# Spooling Up A Penn 114 HLW 6/0 Wide



## ElTiburon (May 1, 2005)

Just got me a Penn 114 hlw for a 30 - 80 #line 6'6" boat rod with 2 roller guides on it (first and tip). I want to use this set up for surf sharking and yakking out big baits, how do y'all experienced surf sharkers recomend I spool this sucker up?


----------



## animal (May 20, 2004)

ive got my 6wide filled with about 650 yards of 50lb big game and somewhere around a 50 yard 80lb topshot . Im fixing to respool though and i am thinking about going with 300 yards of power pro...then topping the rest off with 50lb big game and a 80lb shock leader. Hopefully this will increase my line capacity to somewhere around 900yards. I have to say though you cant go wrong with just filling that sucker up with 50lb line.


----------



## Brady Bunch (Jul 12, 2004)

I agree with animal. I myself have 50# spooled and a top shot (100-150 yrds) of 80. Anyway you go spool it tight.


----------



## ssmarinaman (Mar 5, 2005)

I have one as well and I agree with both of these guys. 50# big game with a TS of 80#. I have my reel on a 8 foot ugly stick 40-80 class very heavy action, I just like that extra length to keep the line up off the sand bar,


----------



## ElTiburon (May 1, 2005)

Thanks for the info guys.
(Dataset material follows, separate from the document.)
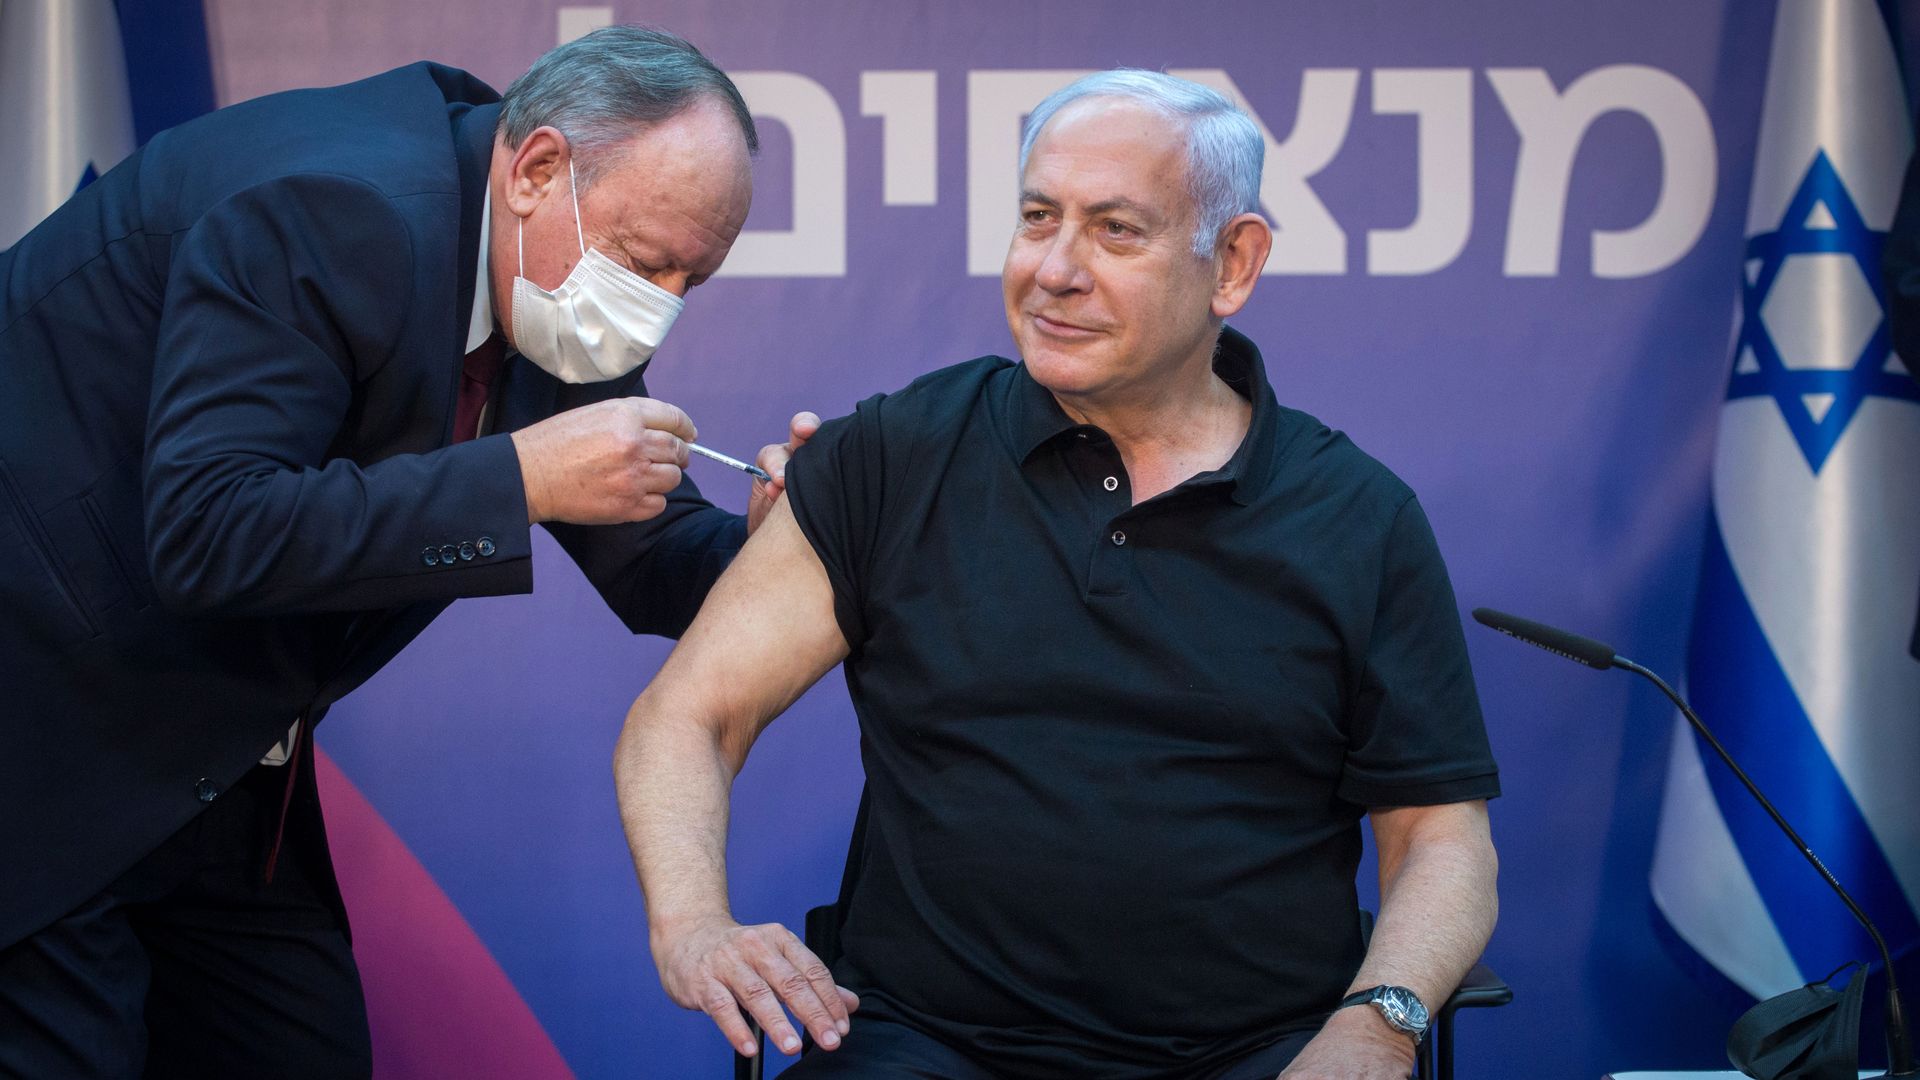 Netanyahu receiving the covid vaccine.

If I want to extend its capacity though what # of Power Pro should I go with before the 50# mono and 80# topshot? 80?


----------



## gundoctor (May 20, 2004)

ElTiburon said:


> Thanks for the info guys. If I want to extend its capacity though what # of Power Pro should I go with before the 50# mono and 80# topshot? 80?


My rule of thumb is at least 20# heavier PP than the mono topshot. For a reel loaded with 50# mono that means 80# PP, because they don't make 70# PP that I know of. That way, if you hook a train and break it off, you save the more expensive PP and loose just the mono.

Some brands of mono (like big game) actually test out much heavier than they are marked. Tournament grade line will break below what its marked.


----------